Rank-2 updates to Cholesky factors? Given matrix $A$ (symmetric and positive definite) and its Cholesky factors $A = LL^\top$, I want to obtain a new Cholesky factor $L_{new}$ such that
$$L_{new}L_{new}^\top =  A + uv^\top + vu^\top$$
where $u,v$ are vectors.
Question: How can I do this efficiently?
Sub-optimal solution
I know rank-1 up/downdates can be done efficiently, so I could do
\begin{align*}
L_{new}L_{new}^\top = A + uv^\top + vu^\top = A + (u+v)(u+v)^\top - uu^\top - vv^\top
\end{align*}
so the required rank-2 update can be achieved via 3 separate rank-1 updates. Do I really need to do 3 rank-1 updates?
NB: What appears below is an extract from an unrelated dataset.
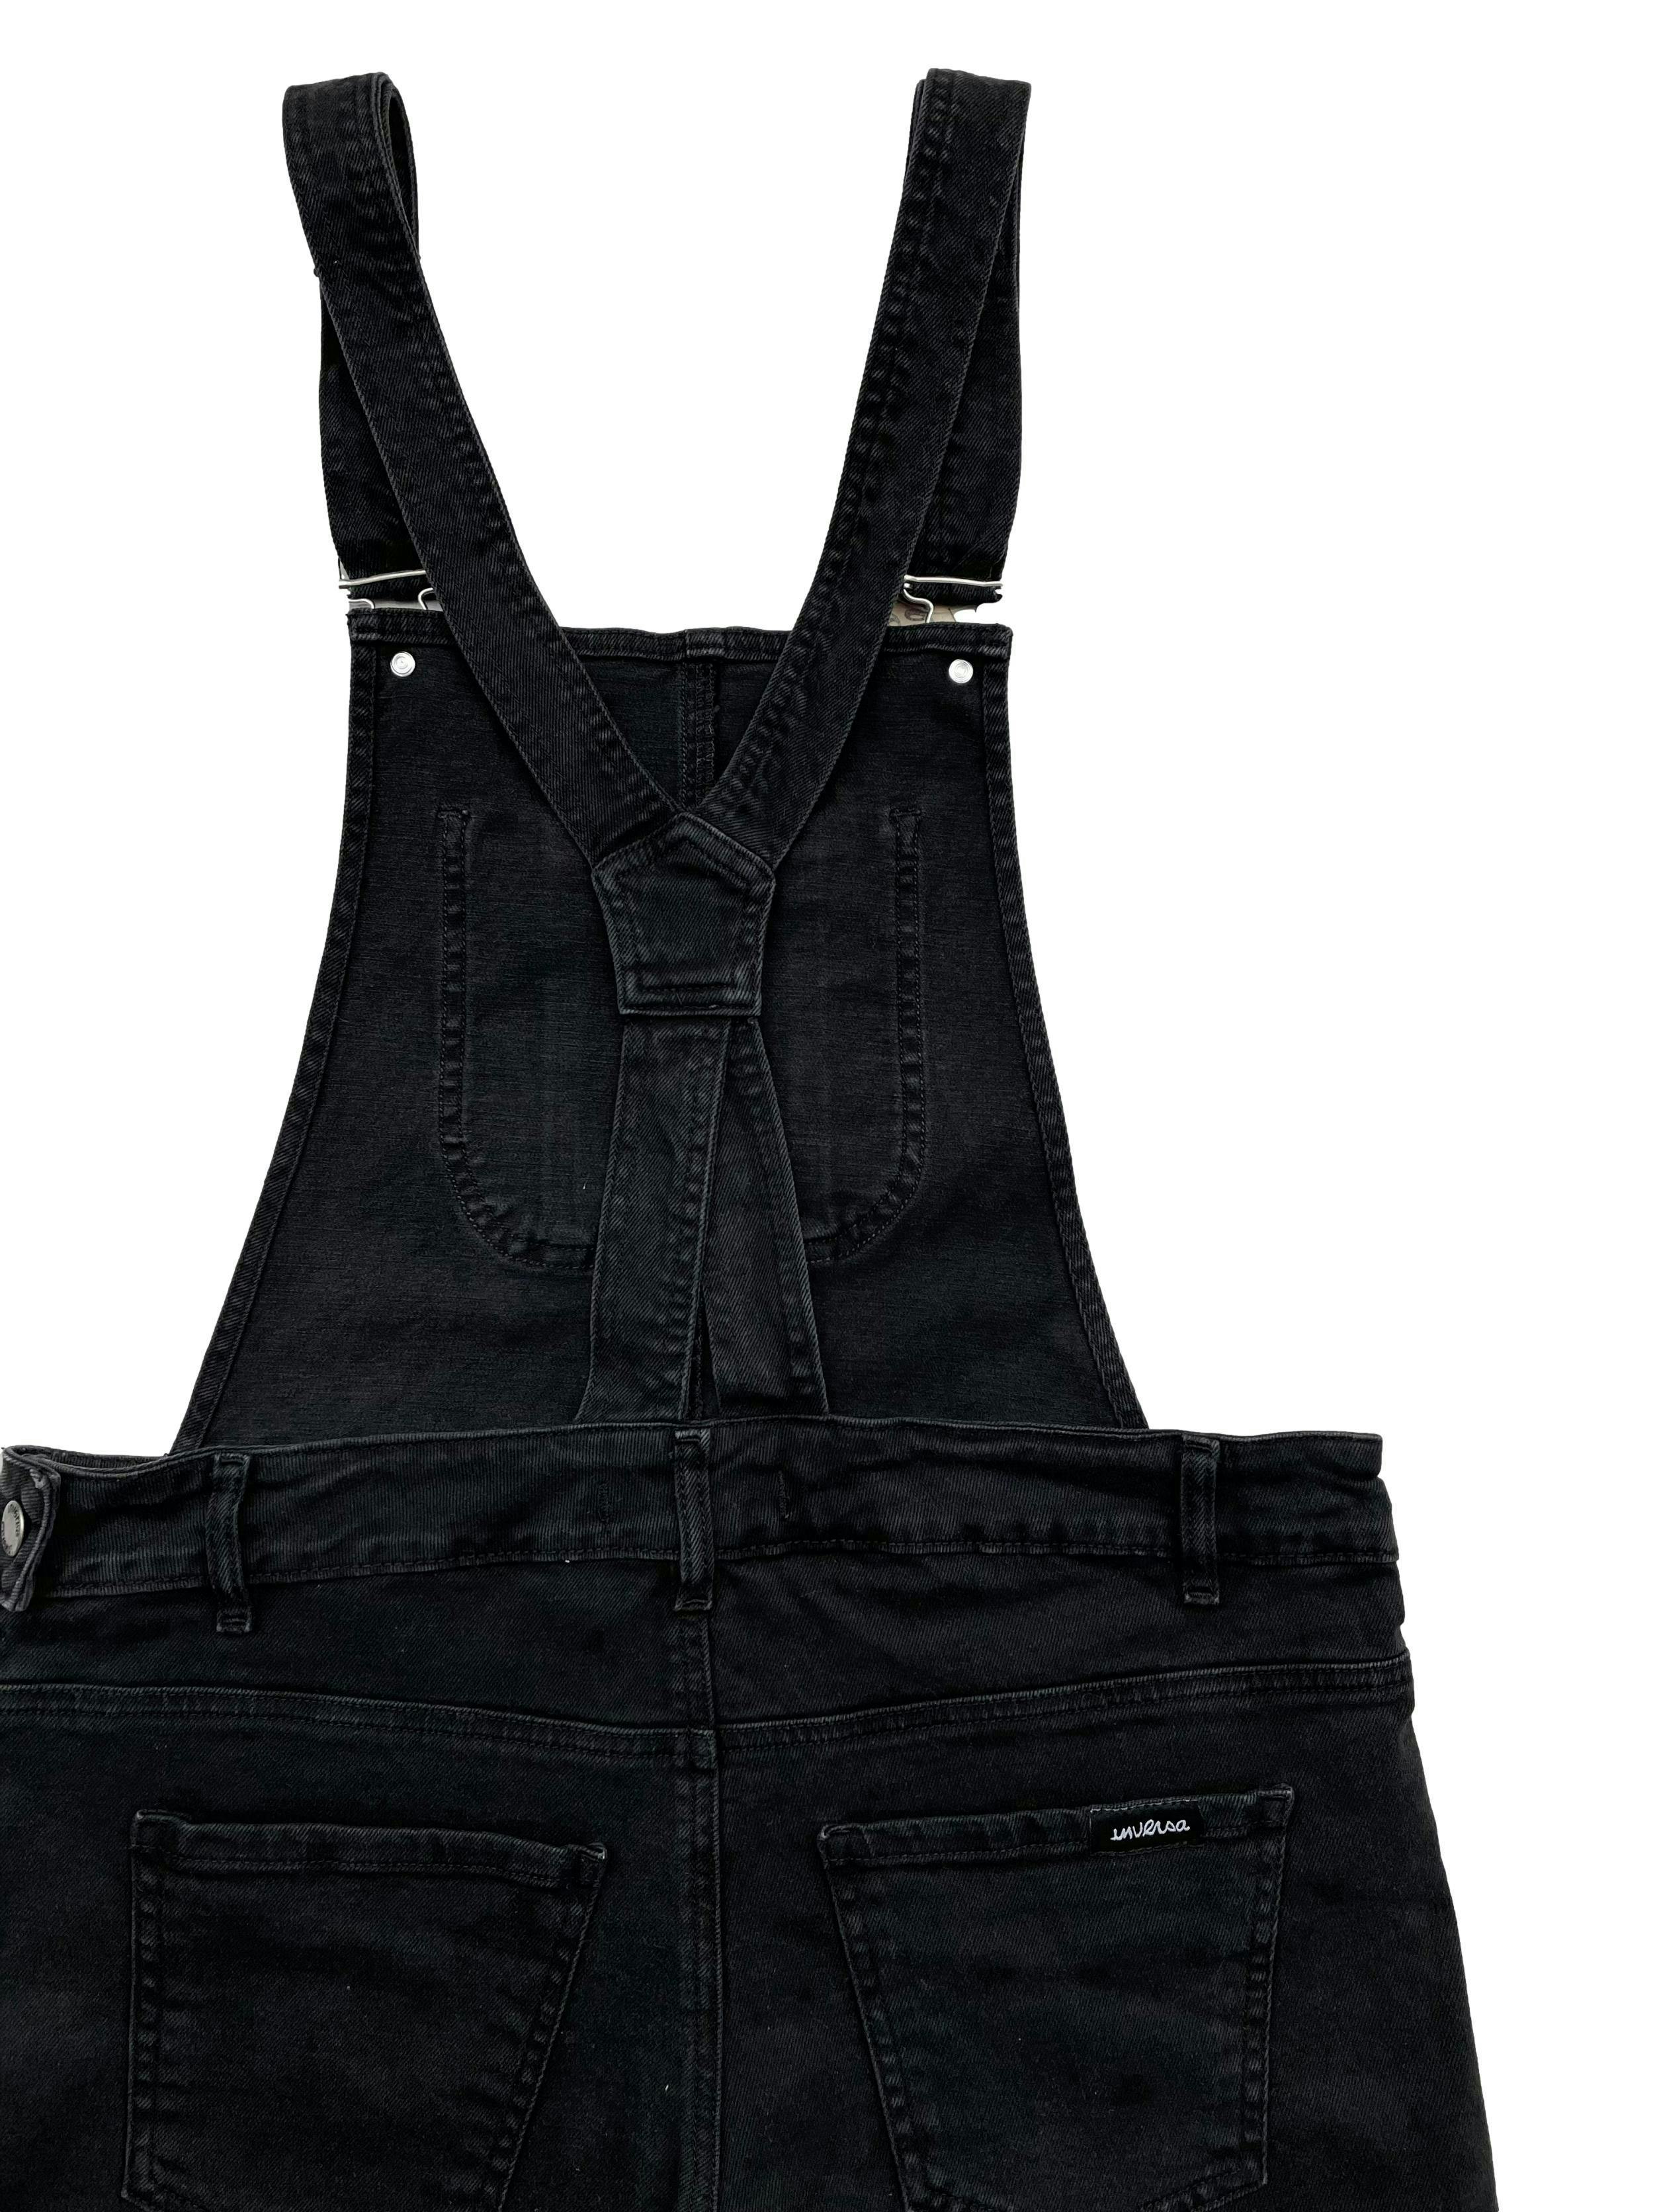 Jumper jean Inversa negro efecto lavado, con cierre lateral. Cadera 100cm Largo desde pecho 62cm

 A: The update can be completed using two rank-1 updates subject to certain conditions. Let $B$ denote the perturbation given by $$B = uv^T + vu^T.$$ This is a symmetric matrix of rank at most $2$. Hence it can be written as $$B = \lambda_1 x_1x_1^T + \lambda_2 x_2x_2^T.$$ However, without further restrictions there is no guarantee that $B$ or even $A+B$ is symmetric positive semidefinite. In order to generate a counterexample, consider $v=-tu$ for a large value of $t > 0$. Then $$A + B = A - 2tuu^T$$ and $$u^T(A+B)u = u^T A u - 2 t \|u\|^2 \leq (\lambda_{\max}(A) - 2 t)\|u\|^2.$$ It remains to compute the eigenvalues and eigenvectors of $B$. Given the definition of $B$ we search for eigenvectors of the form $\alpha u + \beta v$ for real scalars $\alpha$ and $\beta$. Specifically, we wish to find $\alpha, \beta$ and $\lambda$ such that $$B (\alpha u + \beta v) = \lambda (\alpha u + \beta v).$$ If we insert the definition of $B$, we discover that this is equivalent to the 2-by-2 eigenvalue problem given by
$$ C \begin{bmatrix} \alpha \\ \beta \end{bmatrix} := \begin{bmatrix} v^T u & v^T v \\ u^T u & u^T v \end{bmatrix} \begin{bmatrix} \alpha \\\beta \end{bmatrix} = \lambda \begin{bmatrix} \alpha \\ \beta \end{bmatrix}.$$ We observe that the matrix $C$ is not necessarily symmetric, so in order to eliminate the possibility of complex eigenpairs, we need to study $C$ further. The determinant is $$\text{det} (C) = (u^Tv)^2 - \|u\|_2^2 \|v\|_2^2.$$ By the Cauchy-Schwartz inequality, we conclude that $\text{det}(C) \leq 0$. We can now conclude that the eigenvalues of $C$ cannot be complex! Why is that? The matrix $C$ is real and has dimension $2$, so if the eigenvalues are complex, then they are necessarily a pair of complex conjugate numbers, i.e., $$\lambda_1 = \lambda \quad \text{and} \quad \lambda_2 = \bar{\lambda}$$ for some $\lambda \in \mathbb{C}$. However, the determinant is also the product of the eigenvalues, i.e., $$\text{det}(C) = \lambda_1 \lambda_2 = |\lambda|^2,$$ so $\text{C} \leq 0$ forces $\lambda = 0$ and the eigenvalues of $C$ must necessarily be real. Given the possible eigenvalues we can now compute the eigenvectors. This demonstrates that the problem can potentially be reduced to two rank-1 updates.
There remains the very practical problem of solving the 2-by-2 eigenvalue problem. You may experience overflow in extreme cases and if this is an issue, then this would be the basis for a good new question.
Be mindful that you do not equate speed with computational efficiency. The rank-1 update procedure for a Cholesky factorization is not efficient in the sense that all level-1 BLAS operations have low arithmetic intensity, i.e., few arithmetic operations per memory operation. Therefore, their performance is bounded by memory bandwidth/latency and they only run at a small fraction of the peak flop rate. While you obviously will save time and energy by doing 2 rather than 3 rank-1 updates, and the wall-time may be sufficiently short, the resource utilization will be rather poor. This has been an issue since the 1990s, because the peak flop rate has grown faster than the memory bandwidth.
To the best of my knowledge there is no algorithm for your problem that can be considered efficient by today's standards.
EDIT: The remark by @LutzLehmann simplifies the analysis considerably. We literally have
$$ uv^T + vu^T = \frac{1}{2} \left[ (u+v)(u+v)^T - (u-v)(u-v)^T \right],$$
so there is no need to detour to the 2-by-2 eigenvalue problem.